What is being asked
When you copy the listing, skip the images and return each line verbatim.

Collected data
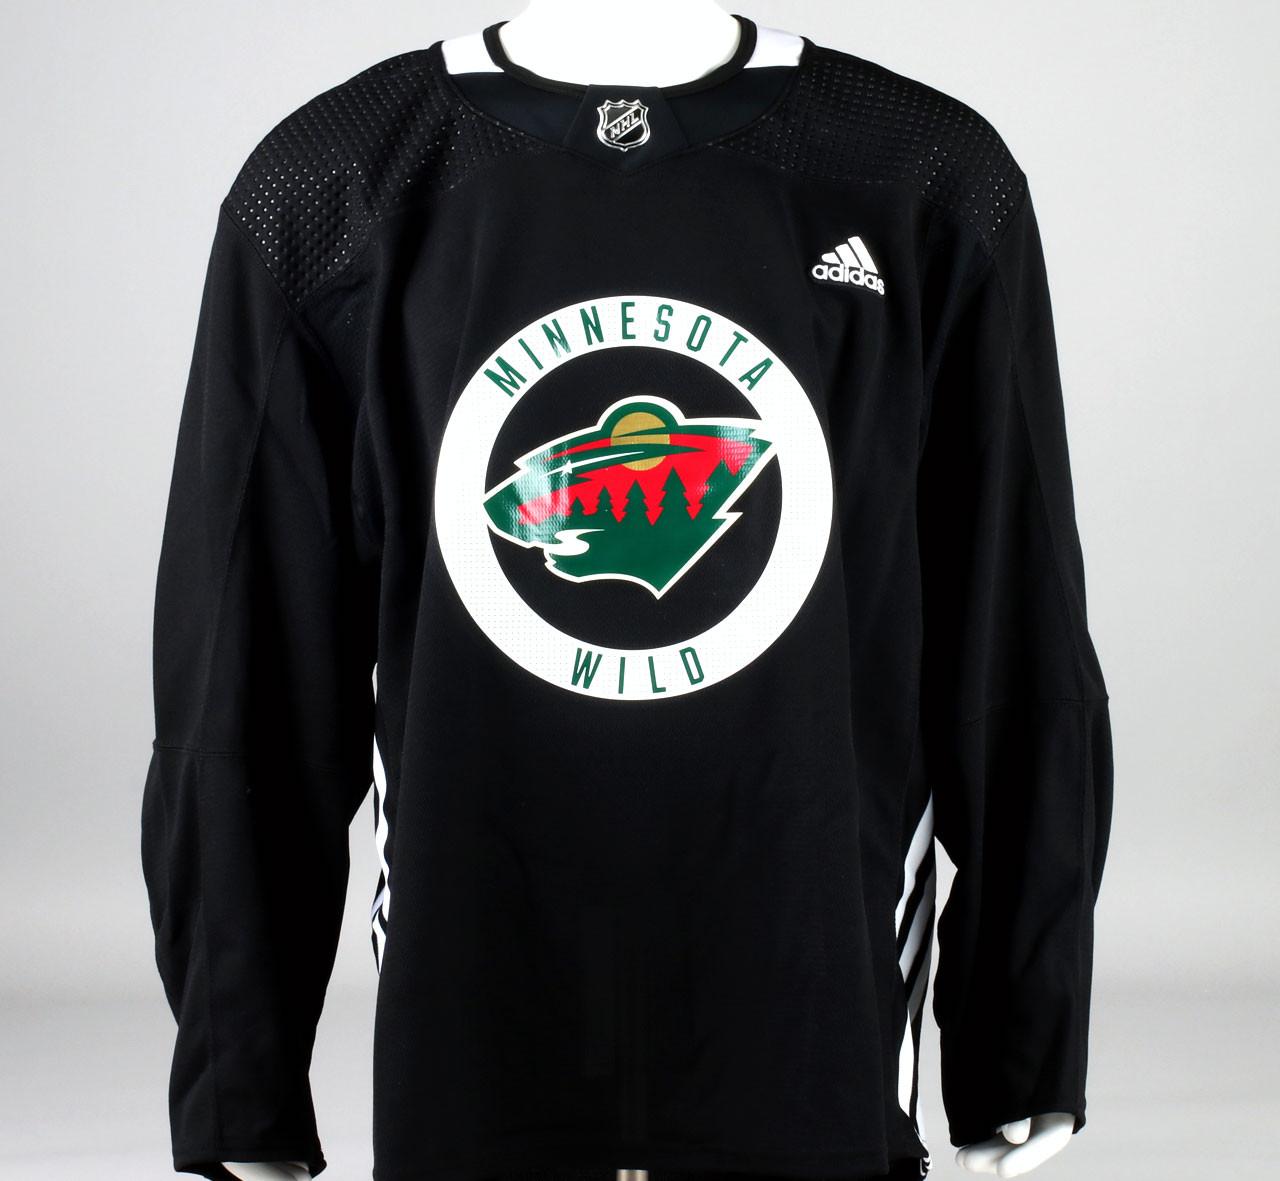 size 56 jersey
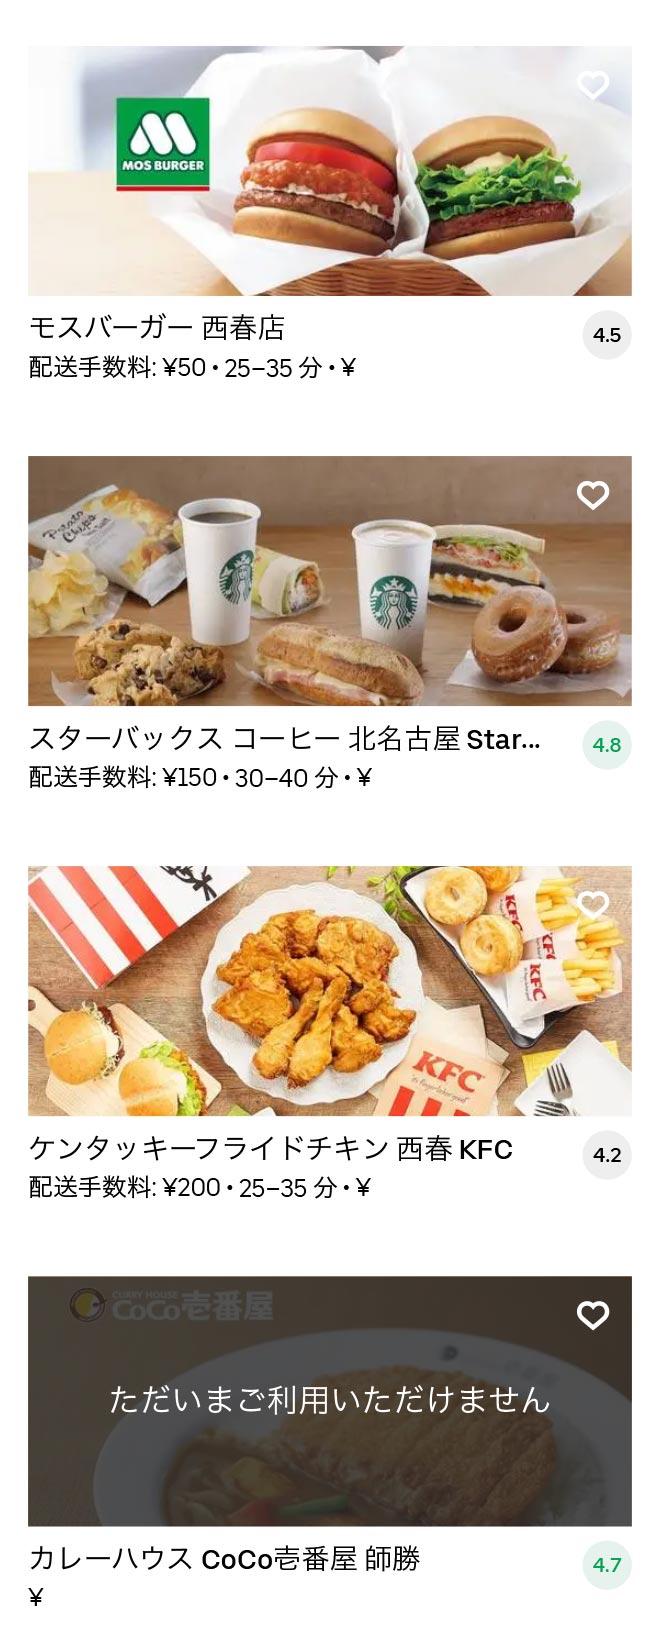 Nishiharu menu 2010 05
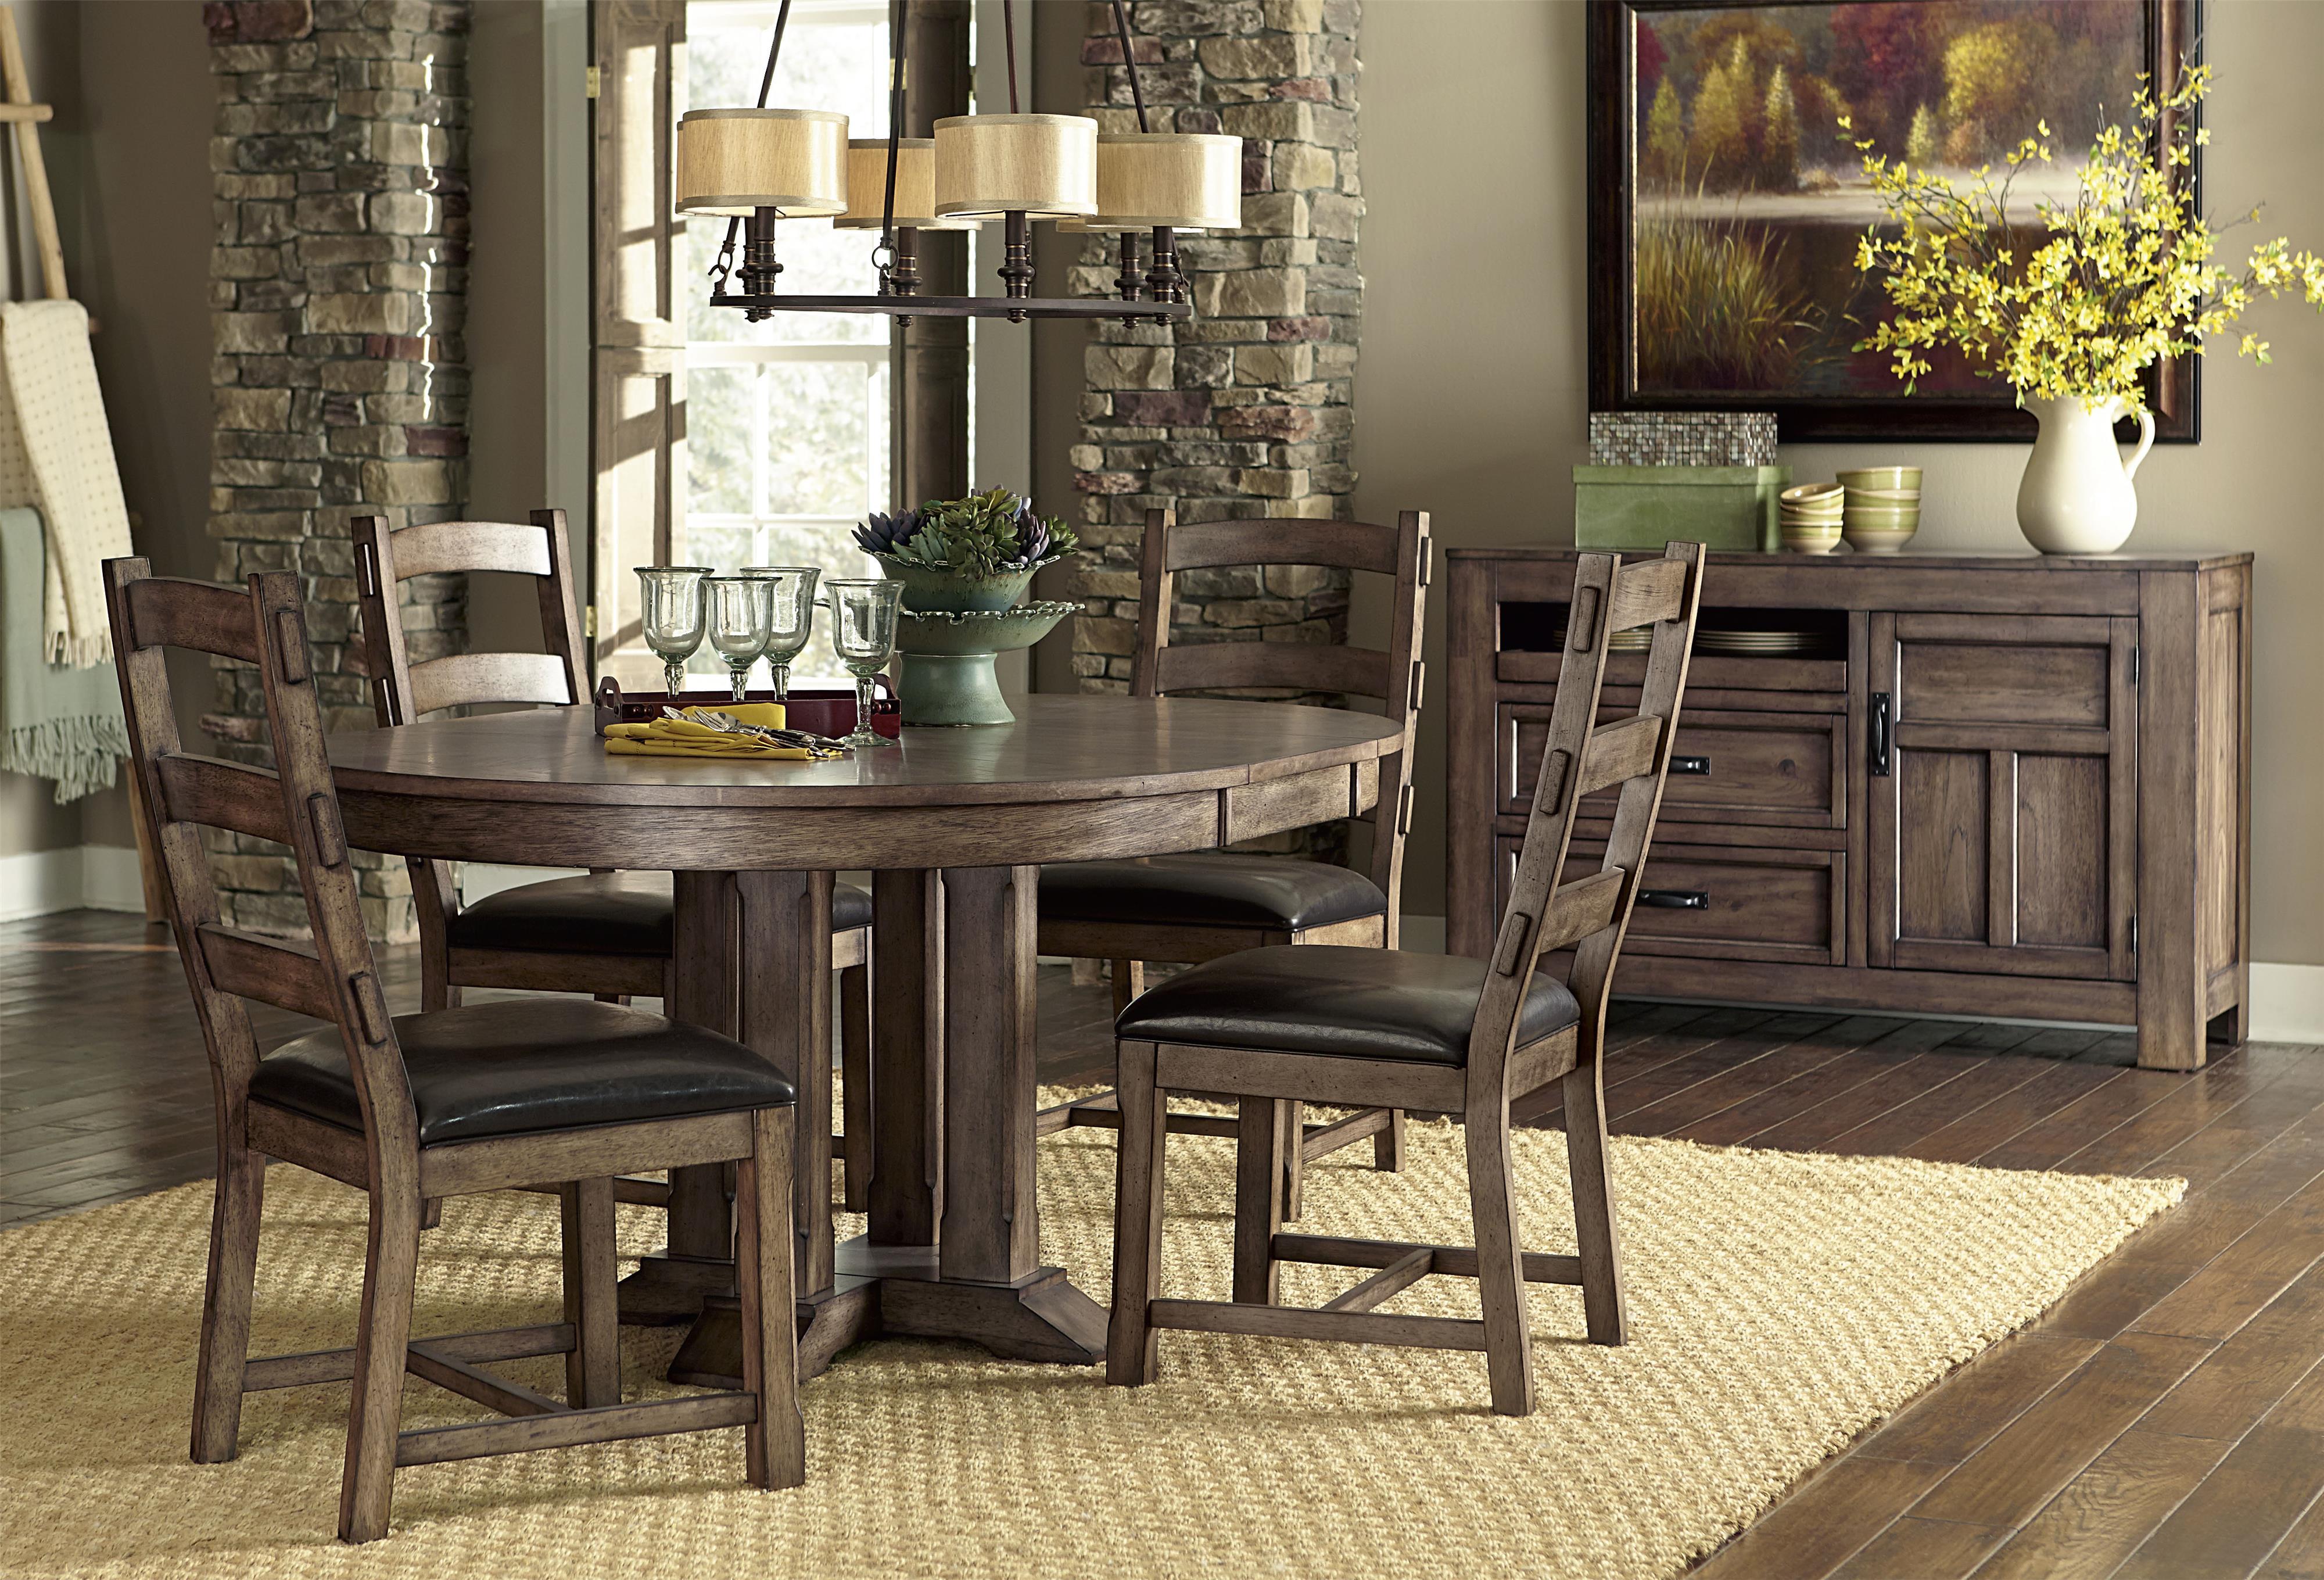 Progressive Furniture Boulder Creek Casual Dining Room Group - Item Number: P849 Dining Room Group 1

Result below
 size 56 jersey
 Nishiharu menu 2010 05
 Progressive Furniture Boulder Creek Casual Dining Room Group - Item Number: P849 Dining Room Group 1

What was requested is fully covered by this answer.